*About this task*. Retype each line below precisely.

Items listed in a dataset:
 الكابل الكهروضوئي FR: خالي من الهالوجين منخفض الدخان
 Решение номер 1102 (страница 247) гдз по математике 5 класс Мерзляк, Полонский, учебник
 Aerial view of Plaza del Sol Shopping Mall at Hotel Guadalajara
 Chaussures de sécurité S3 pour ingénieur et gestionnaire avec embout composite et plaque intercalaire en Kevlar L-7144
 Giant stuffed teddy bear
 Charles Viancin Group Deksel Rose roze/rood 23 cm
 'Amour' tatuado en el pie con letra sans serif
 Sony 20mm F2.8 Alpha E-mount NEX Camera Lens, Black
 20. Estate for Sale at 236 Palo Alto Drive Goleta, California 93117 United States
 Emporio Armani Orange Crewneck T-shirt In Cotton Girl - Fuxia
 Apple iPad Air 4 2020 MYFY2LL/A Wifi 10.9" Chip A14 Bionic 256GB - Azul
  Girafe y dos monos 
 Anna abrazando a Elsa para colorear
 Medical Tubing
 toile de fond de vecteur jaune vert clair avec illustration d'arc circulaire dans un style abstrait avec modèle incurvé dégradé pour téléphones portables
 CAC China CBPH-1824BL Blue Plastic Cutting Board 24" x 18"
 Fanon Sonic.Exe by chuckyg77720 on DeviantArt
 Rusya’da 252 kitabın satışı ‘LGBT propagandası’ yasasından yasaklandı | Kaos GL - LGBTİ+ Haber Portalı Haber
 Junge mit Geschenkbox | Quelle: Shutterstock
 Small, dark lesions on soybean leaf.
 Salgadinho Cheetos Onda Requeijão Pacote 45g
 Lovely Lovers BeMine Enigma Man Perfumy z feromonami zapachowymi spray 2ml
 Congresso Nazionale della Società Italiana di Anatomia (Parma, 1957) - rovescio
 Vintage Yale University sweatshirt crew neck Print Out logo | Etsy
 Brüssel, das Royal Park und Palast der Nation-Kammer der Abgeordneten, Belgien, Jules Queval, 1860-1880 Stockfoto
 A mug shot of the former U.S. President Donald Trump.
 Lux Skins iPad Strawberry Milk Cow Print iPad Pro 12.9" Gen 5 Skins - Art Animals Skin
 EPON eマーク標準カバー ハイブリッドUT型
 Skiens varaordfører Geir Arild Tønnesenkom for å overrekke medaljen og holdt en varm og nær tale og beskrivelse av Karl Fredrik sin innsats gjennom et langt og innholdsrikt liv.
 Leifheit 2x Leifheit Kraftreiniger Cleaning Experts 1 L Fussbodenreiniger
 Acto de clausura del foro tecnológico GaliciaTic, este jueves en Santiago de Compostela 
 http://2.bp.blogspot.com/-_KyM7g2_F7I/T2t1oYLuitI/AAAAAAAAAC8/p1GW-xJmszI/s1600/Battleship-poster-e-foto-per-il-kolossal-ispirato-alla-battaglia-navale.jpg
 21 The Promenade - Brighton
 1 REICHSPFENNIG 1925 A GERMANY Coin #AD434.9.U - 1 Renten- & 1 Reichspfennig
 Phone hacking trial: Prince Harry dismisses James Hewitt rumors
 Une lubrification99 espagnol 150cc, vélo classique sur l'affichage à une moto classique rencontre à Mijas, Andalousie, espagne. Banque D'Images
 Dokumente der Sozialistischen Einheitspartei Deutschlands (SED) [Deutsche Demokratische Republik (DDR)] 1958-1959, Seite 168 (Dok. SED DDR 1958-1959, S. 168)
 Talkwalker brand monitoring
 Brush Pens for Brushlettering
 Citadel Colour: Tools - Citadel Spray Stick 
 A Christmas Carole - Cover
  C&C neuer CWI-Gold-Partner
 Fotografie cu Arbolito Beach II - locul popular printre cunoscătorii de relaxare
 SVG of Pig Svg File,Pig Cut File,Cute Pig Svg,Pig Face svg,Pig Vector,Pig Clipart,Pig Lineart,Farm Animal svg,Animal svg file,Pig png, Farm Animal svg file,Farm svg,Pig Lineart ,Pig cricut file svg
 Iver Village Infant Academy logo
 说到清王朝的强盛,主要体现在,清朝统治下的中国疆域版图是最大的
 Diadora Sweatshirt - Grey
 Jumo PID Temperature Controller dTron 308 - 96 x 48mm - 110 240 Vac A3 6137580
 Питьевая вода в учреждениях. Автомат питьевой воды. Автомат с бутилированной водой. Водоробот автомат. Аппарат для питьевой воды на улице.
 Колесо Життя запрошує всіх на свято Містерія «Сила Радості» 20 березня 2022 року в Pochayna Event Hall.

*Solved problem*.
 الكابل الكهروضوئي FR: خالي من الهالوجين منخفض الدخان
 Решение номер 1102 (страница 247) гдз по математике 5 класс Мерзляк, Полонский, учебник
 Aerial view of Plaza del Sol Shopping Mall at Hotel Guadalajara
 Chaussures de sécurité S3 pour ingénieur et gestionnaire avec embout composite et plaque intercalaire en Kevlar L-7144
 Giant stuffed teddy bear
 Charles Viancin Group Deksel Rose roze/rood 23 cm
 'Amour' tatuado en el pie con letra sans serif
 Sony 20mm F2.8 Alpha E-mount NEX Camera Lens, Black
 20. Estate for Sale at 236 Palo Alto Drive Goleta, California 93117 United States
 Emporio Armani Orange Crewneck T-shirt In Cotton Girl - Fuxia
 Apple iPad Air 4 2020 MYFY2LL/A Wifi 10.9" Chip A14 Bionic 256GB - Azul
  Girafe y dos monos 
 Anna abrazando a Elsa para colorear
 Medical Tubing
 toile de fond de vecteur jaune vert clair avec illustration d'arc circulaire dans un style abstrait avec modèle incurvé dégradé pour téléphones portables
 CAC China CBPH-1824BL Blue Plastic Cutting Board 24" x 18"
 Fanon Sonic.Exe by chuckyg77720 on DeviantArt
 Rusya’da 252 kitabın satışı ‘LGBT propagandası’ yasasından yasaklandı | Kaos GL - LGBTİ+ Haber Portalı Haber
 Junge mit Geschenkbox | Quelle: Shutterstock
 Small, dark lesions on soybean leaf.
 Salgadinho Cheetos Onda Requeijão Pacote 45g
 Lovely Lovers BeMine Enigma Man Perfumy z feromonami zapachowymi spray 2ml
 Congresso Nazionale della Società Italiana di Anatomia (Parma, 1957) - rovescio
 Vintage Yale University sweatshirt crew neck Print Out logo | Etsy
 Brüssel, das Royal Park und Palast der Nation-Kammer der Abgeordneten, Belgien, Jules Queval, 1860-1880 Stockfoto
 A mug shot of the former U.S. President Donald Trump.
 Lux Skins iPad Strawberry Milk Cow Print iPad Pro 12.9" Gen 5 Skins - Art Animals Skin
 EPON eマーク標準カバー ハイブリッドUT型
 Skiens varaordfører Geir Arild Tønnesenkom for å overrekke medaljen og holdt en varm og nær tale og beskrivelse av Karl Fredrik sin innsats gjennom et langt og innholdsrikt liv.
 Leifheit 2x Leifheit Kraftreiniger Cleaning Experts 1 L Fussbodenreiniger
 Acto de clausura del foro tecnológico GaliciaTic, este jueves en Santiago de Compostela 
 http://2.bp.blogspot.com/-_KyM7g2_F7I/T2t1oYLuitI/AAAAAAAAAC8/p1GW-xJmszI/s1600/Battleship-poster-e-foto-per-il-kolossal-ispirato-alla-battaglia-navale.jpg
 21 The Promenade - Brighton
 1 REICHSPFENNIG 1925 A GERMANY Coin #AD434.9.U - 1 Renten- & 1 Reichspfennig
 Phone hacking trial: Prince Harry dismisses James Hewitt rumors
 Une lubrification99 espagnol 150cc, vélo classique sur l'affichage à une moto classique rencontre à Mijas, Andalousie, espagne. Banque D'Images
 Dokumente der Sozialistischen Einheitspartei Deutschlands (SED) [Deutsche Demokratische Republik (DDR)] 1958-1959, Seite 168 (Dok. SED DDR 1958-1959, S. 168)
 Talkwalker brand monitoring
 Brush Pens for Brushlettering
 Citadel Colour: Tools - Citadel Spray Stick 
 A Christmas Carole - Cover
  C&C neuer CWI-Gold-Partner
 Fotografie cu Arbolito Beach II - locul popular printre cunoscătorii de relaxare
 SVG of Pig Svg File,Pig Cut File,Cute Pig Svg,Pig Face svg,Pig Vector,Pig Clipart,Pig Lineart,Farm Animal svg,Animal svg file,Pig png, Farm Animal svg file,Farm svg,Pig Lineart ,Pig cricut file svg
 Iver Village Infant Academy logo
 说到清王朝的强盛,主要体现在,清朝统治下的中国疆域版图是最大的
 Diadora Sweatshirt - Grey
 Jumo PID Temperature Controller dTron 308 - 96 x 48mm - 110 240 Vac A3 6137580
 Питьевая вода в учреждениях. Автомат питьевой воды. Автомат с бутилированной водой. Водоробот автомат. Аппарат для питьевой воды на улице.
 Колесо Життя запрошує всіх на свято Містерія «Сила Радості» 20 березня 2022 року в Pochayna Event Hall.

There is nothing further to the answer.